## Task brief
Transcribe only the lines in the data below falling between the line with "Power Bank 24800mAh" and the line with "Bright Red Odessa Adirondack Chair", including those two lines, and leave out any picture.

## Extracted records

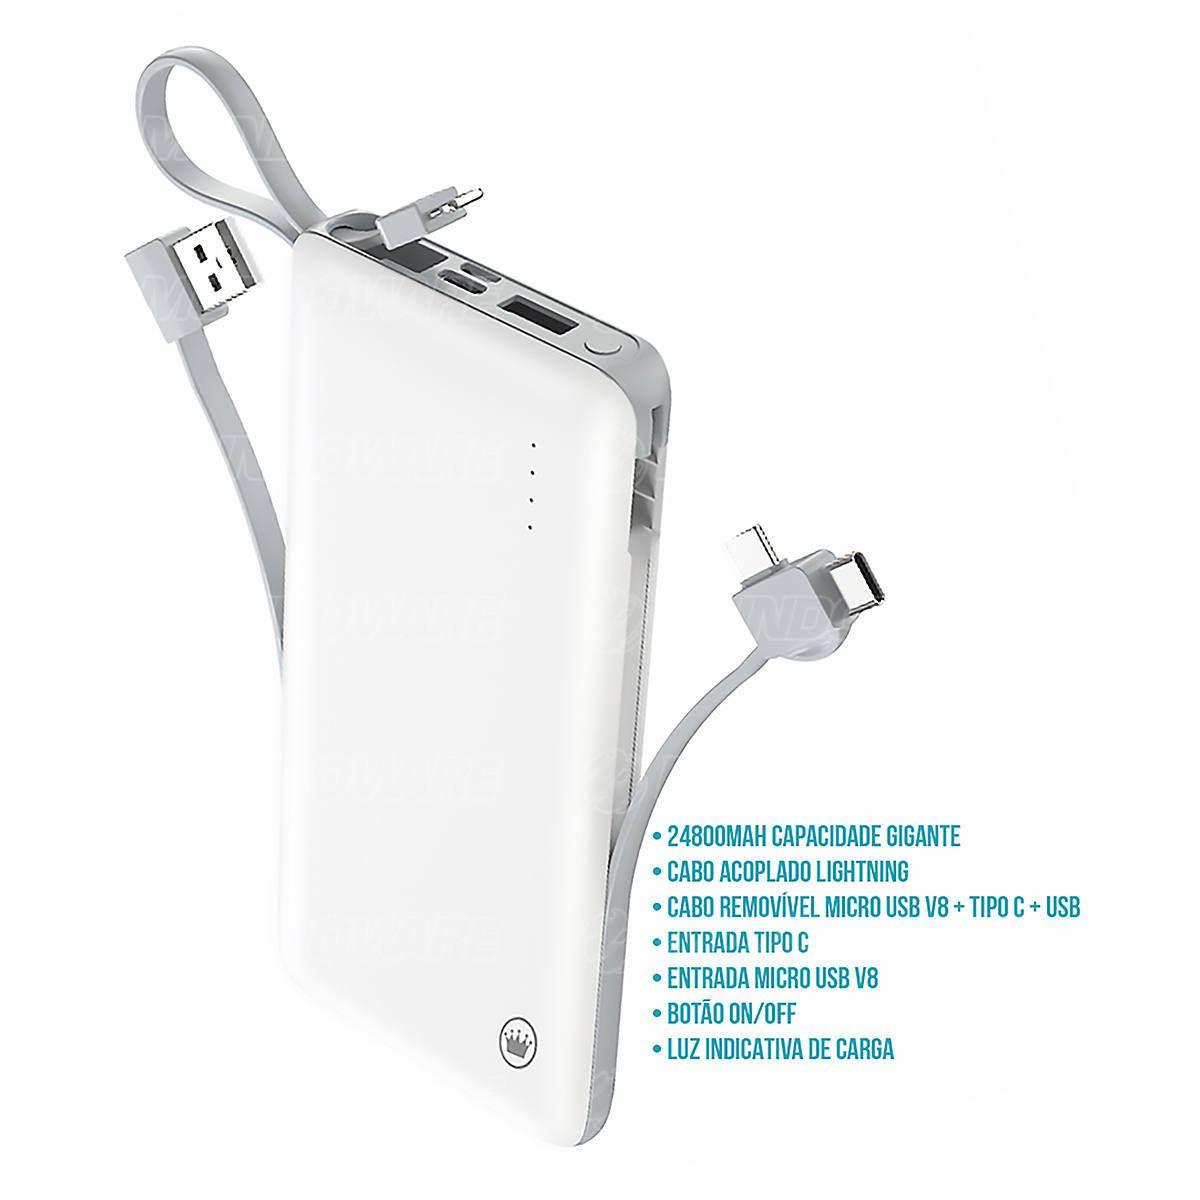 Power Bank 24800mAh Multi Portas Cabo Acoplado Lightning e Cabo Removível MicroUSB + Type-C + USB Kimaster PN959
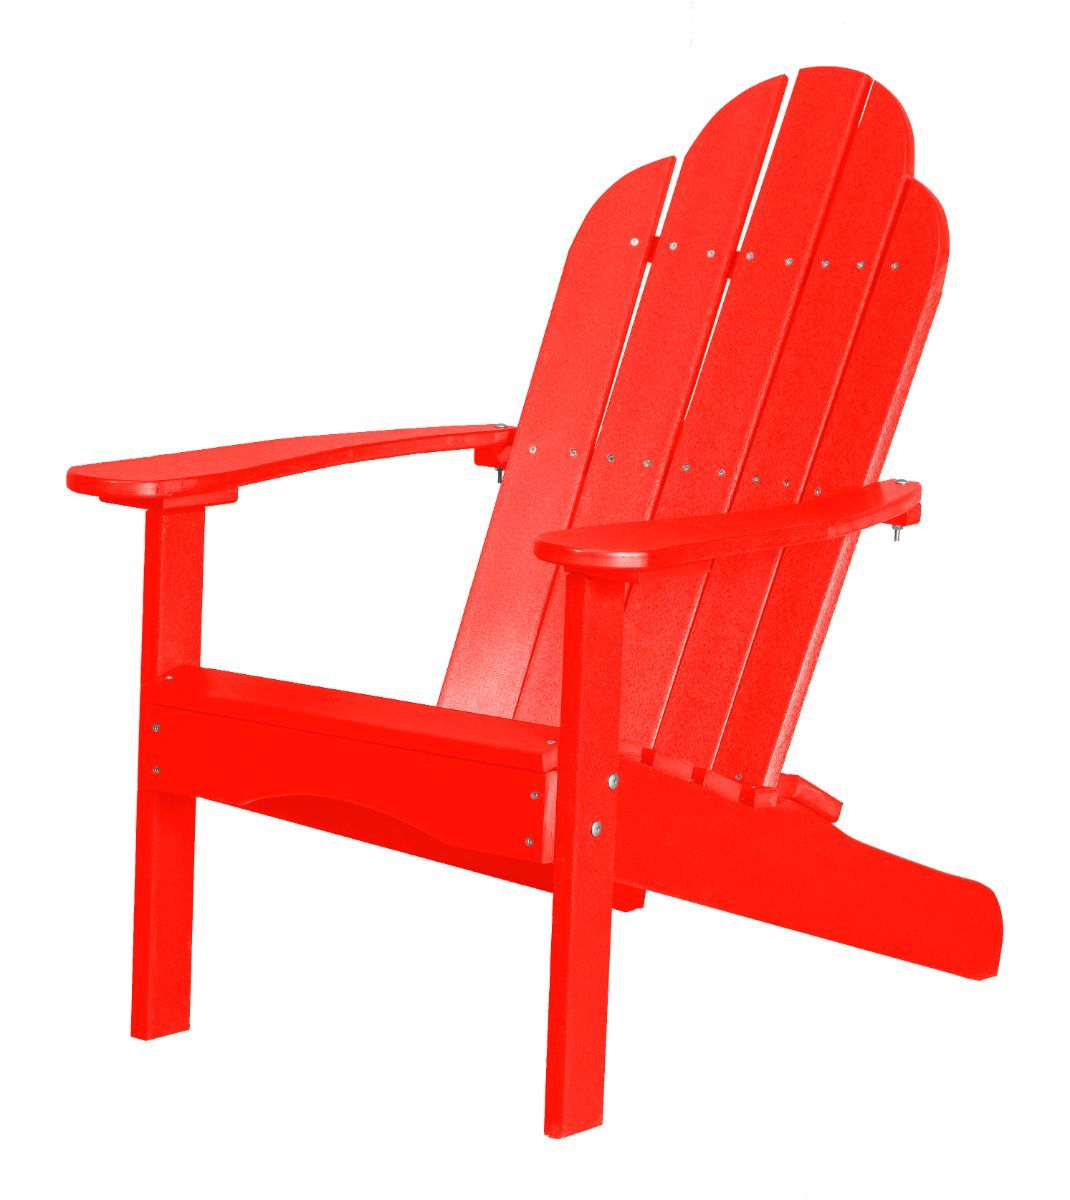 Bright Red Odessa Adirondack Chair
---
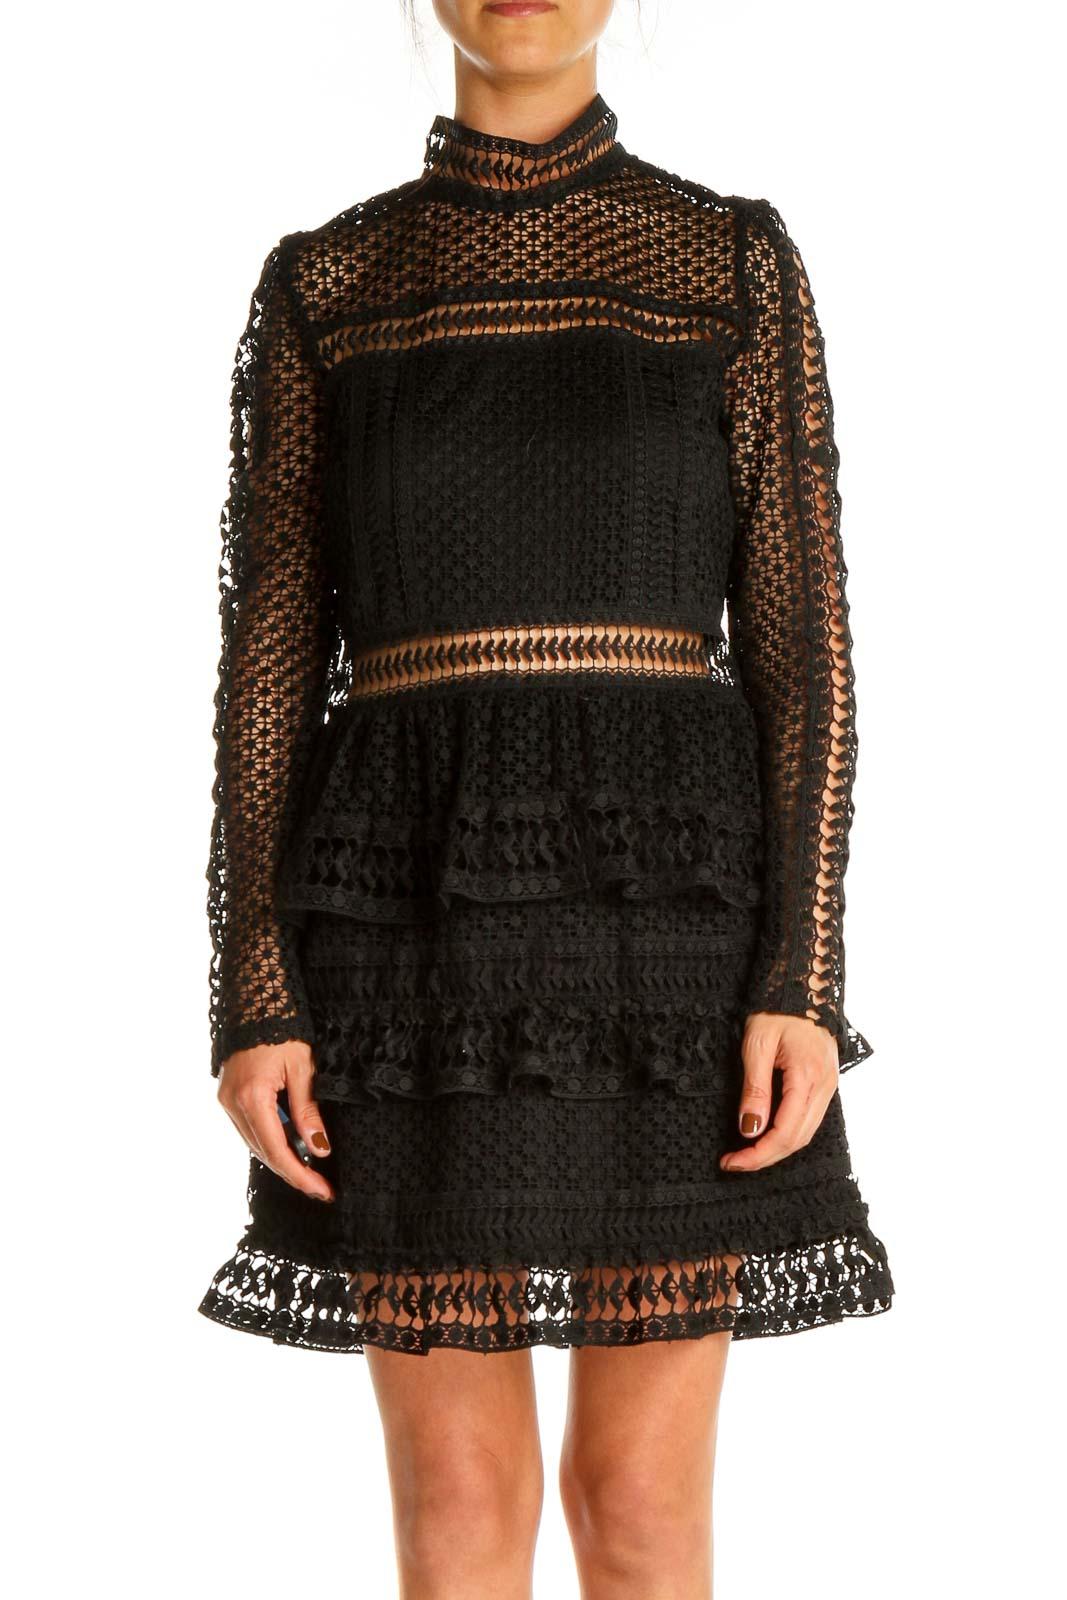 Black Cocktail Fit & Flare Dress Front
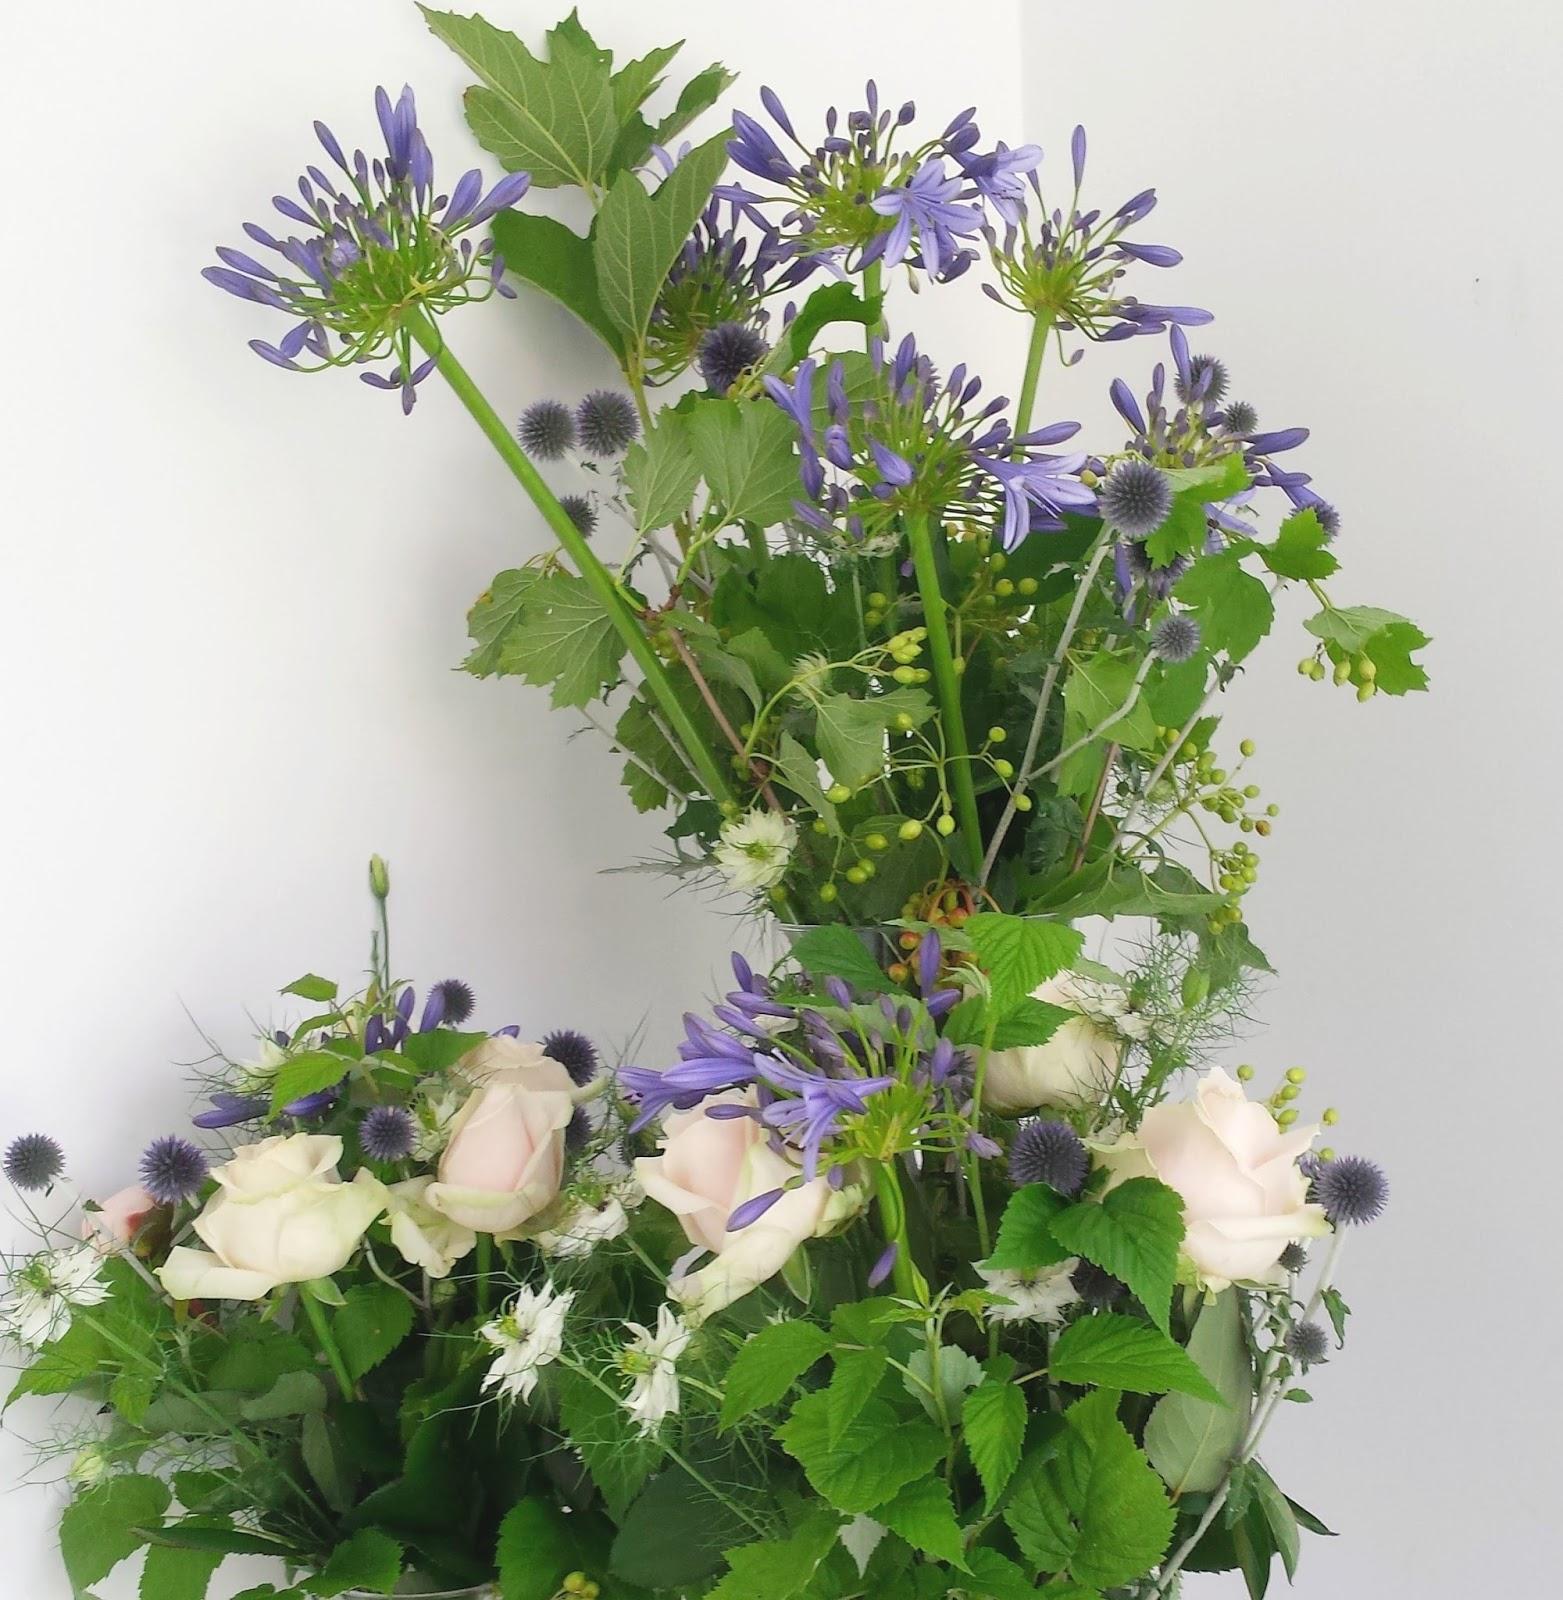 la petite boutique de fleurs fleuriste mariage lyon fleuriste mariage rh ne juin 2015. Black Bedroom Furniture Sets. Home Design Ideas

## Answer section
 Power Bank 24800mAh Multi Portas Cabo Acoplado Lightning e Cabo Removível MicroUSB + Type-C + USB Kimaster PN959
 Bright Red Odessa Adirondack Chair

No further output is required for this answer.